Stored data
--- START ---

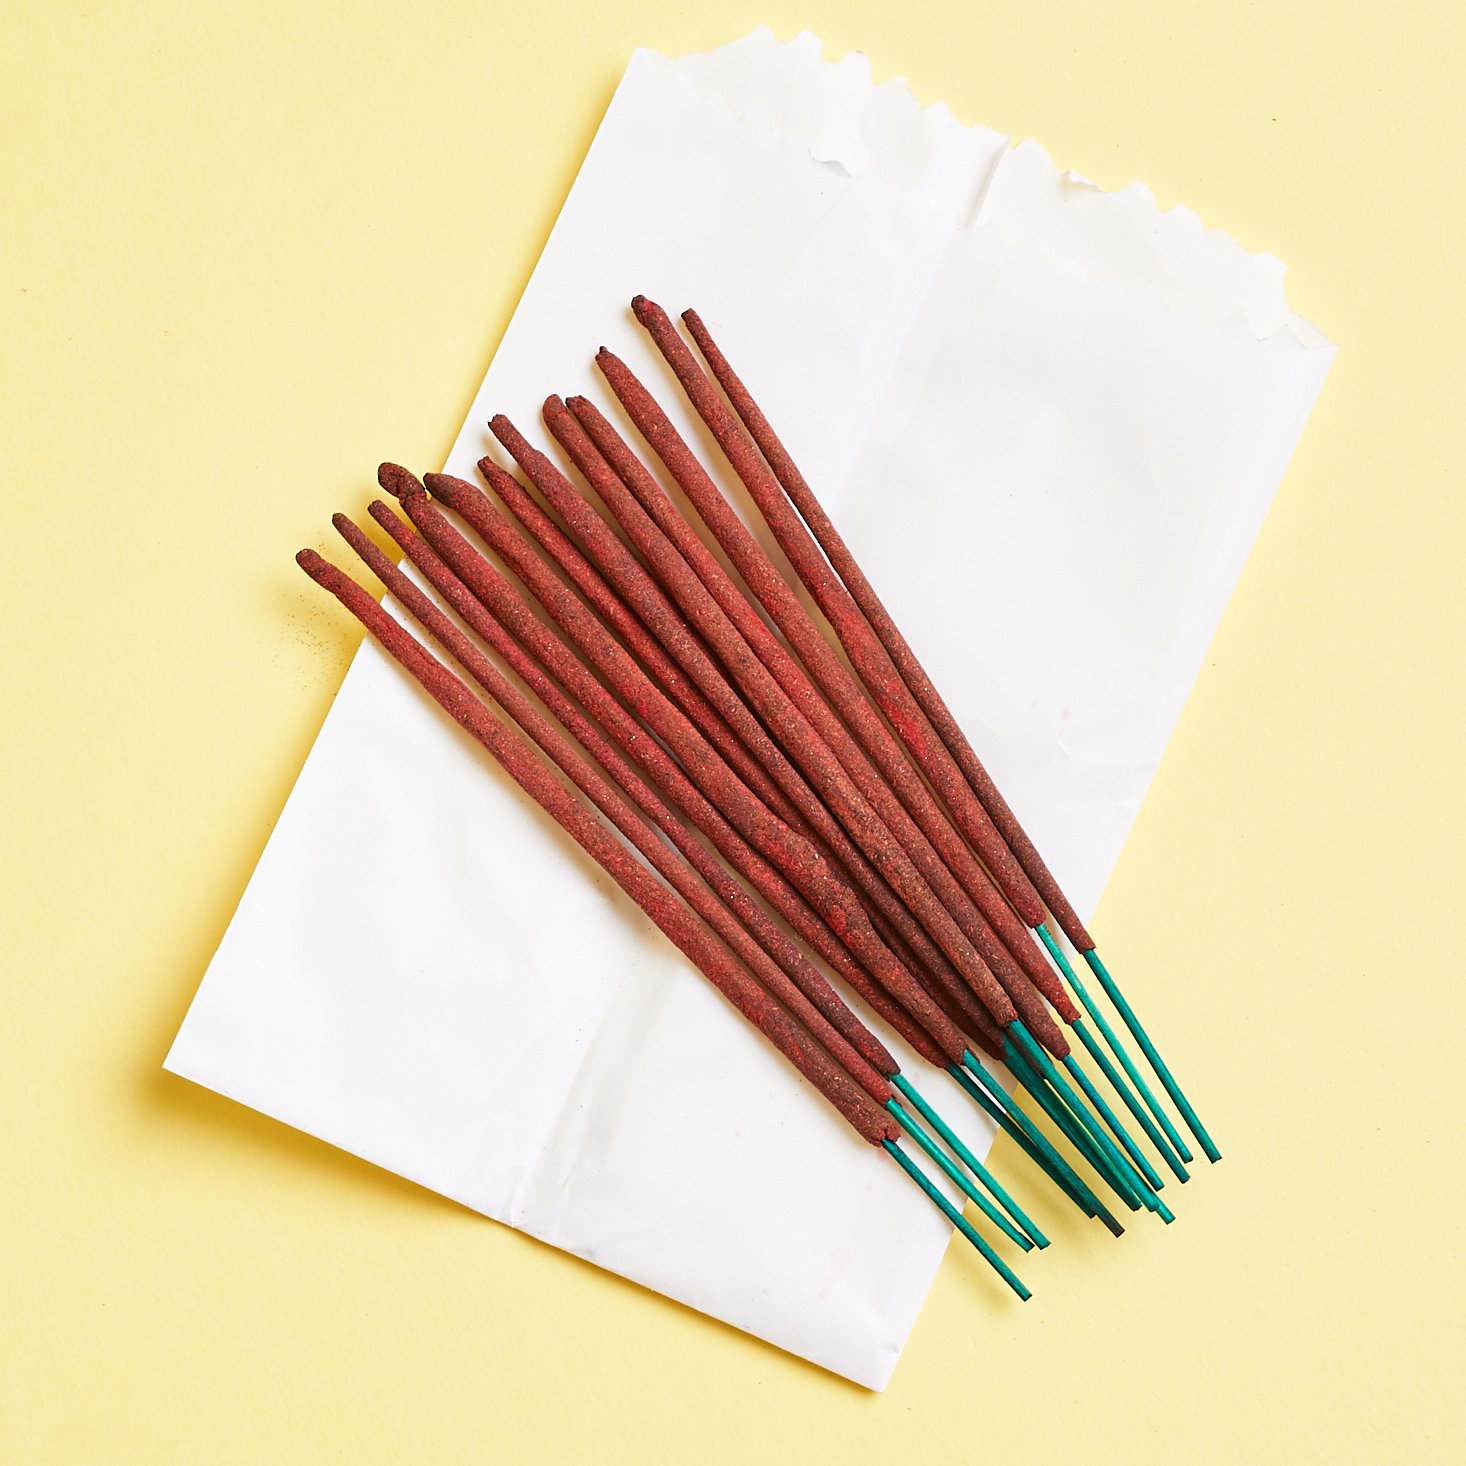 incense sticks in bundle
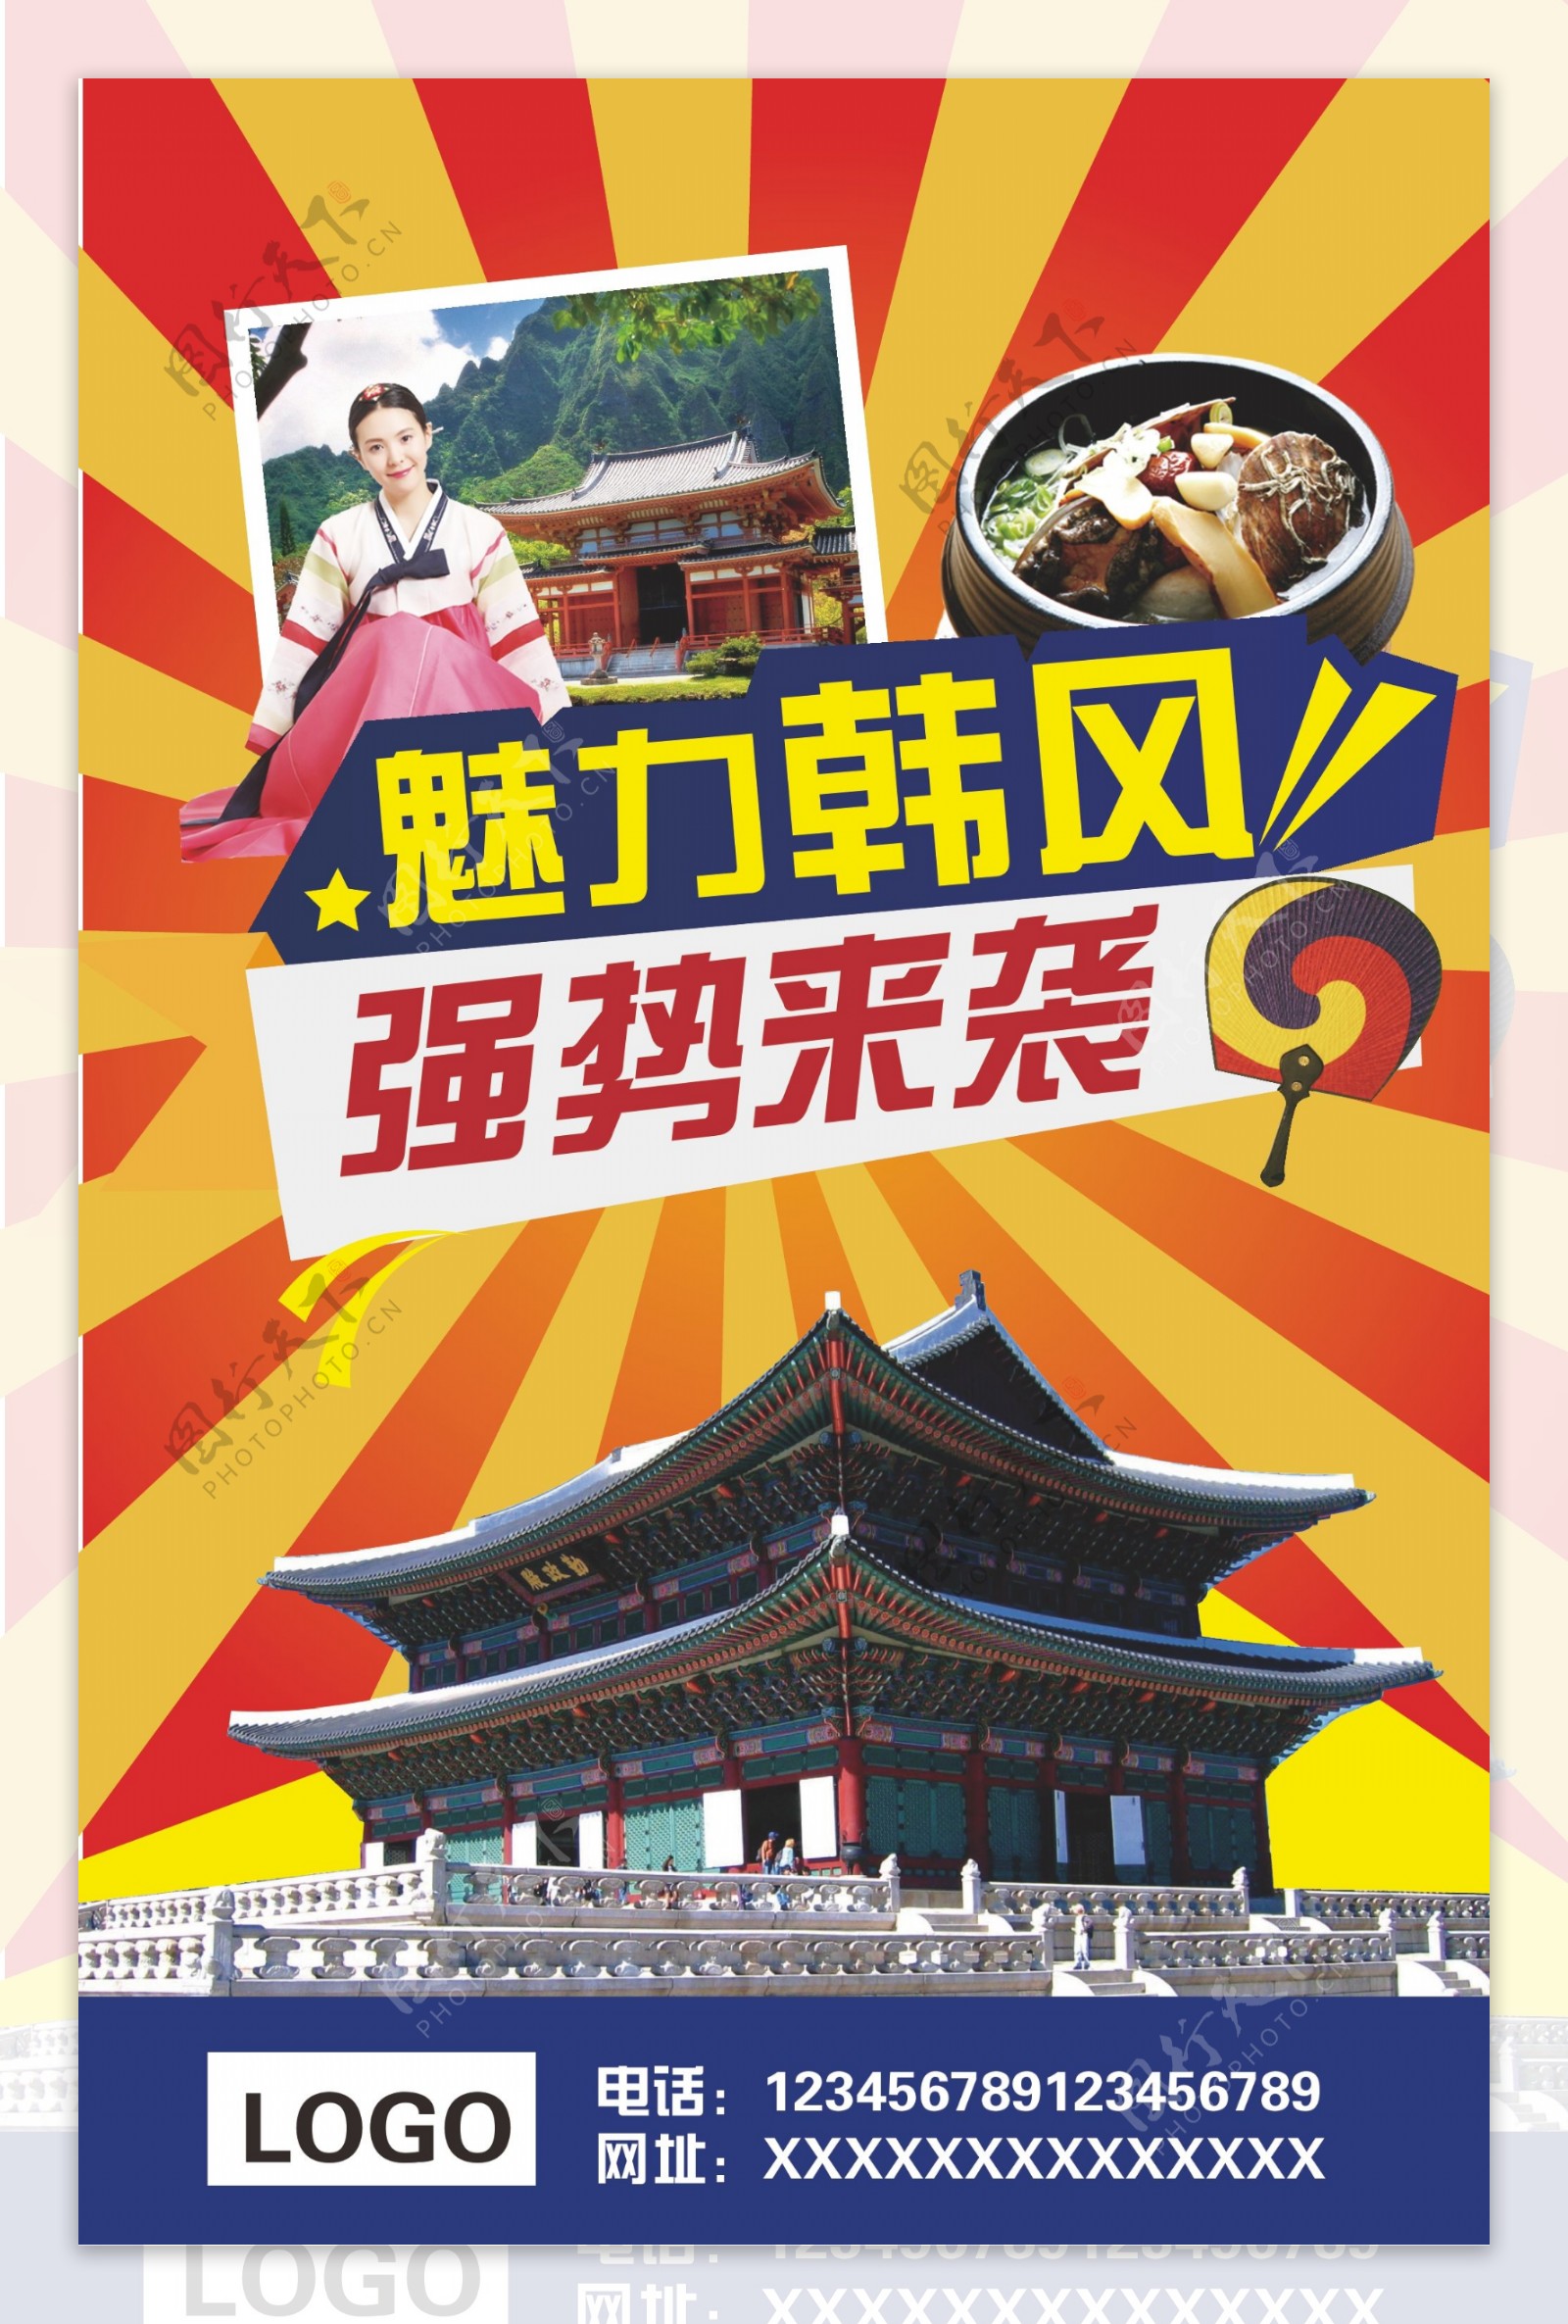 韩国旅游海报图片
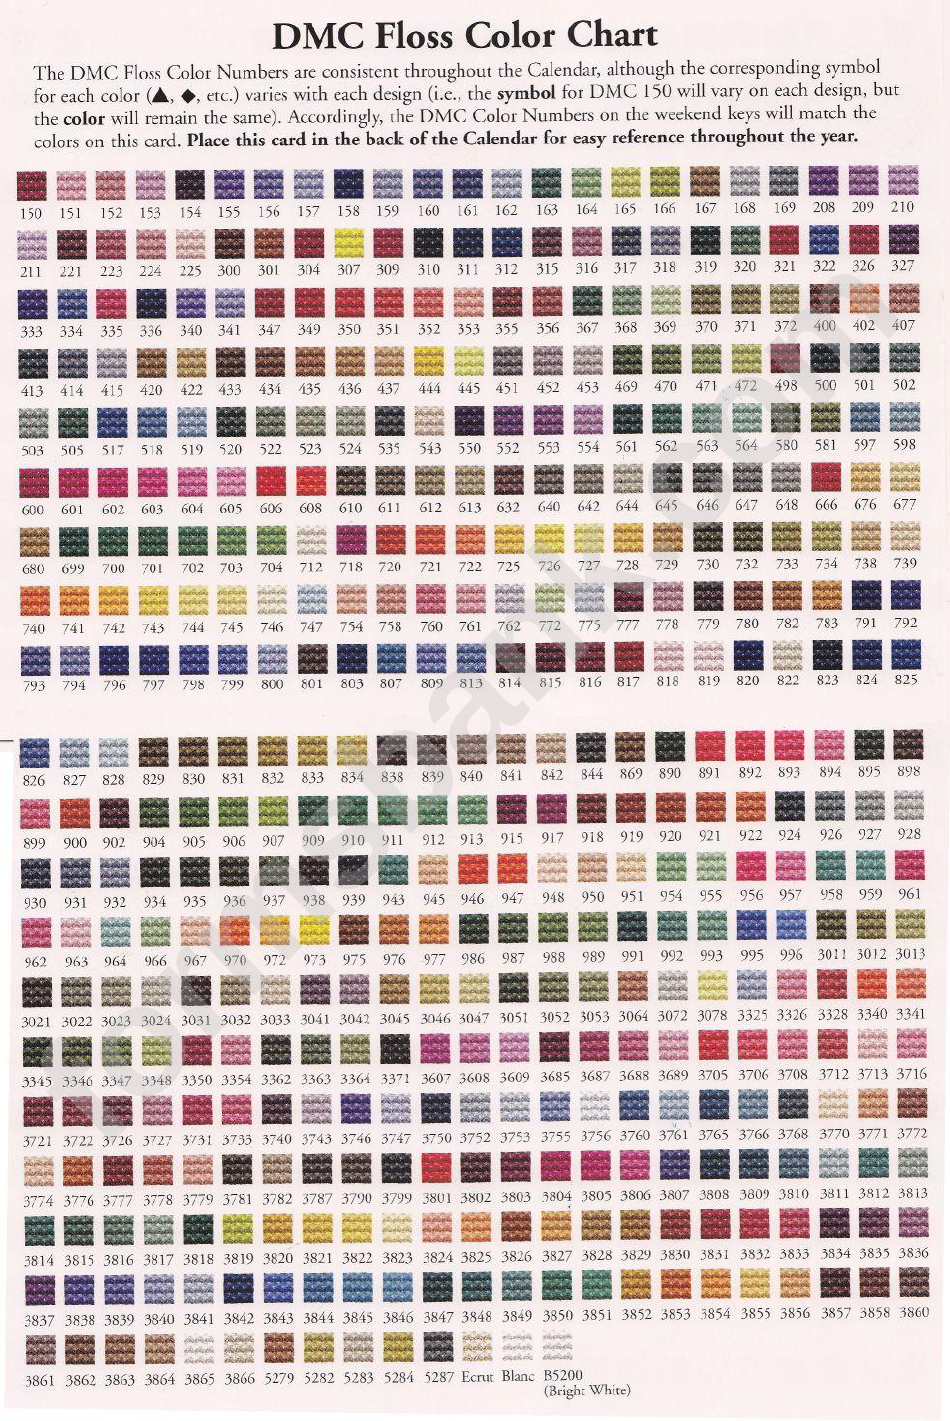 Dmc Floss Color Chart printable pdf download

--- END ---

Exercise goal
Reproduce the whole listing verbatim and keep all pictures out of it.

The answer
 incense sticks in bundle
 韩国旅游海报图片
 Dmc Floss Color Chart printable pdf download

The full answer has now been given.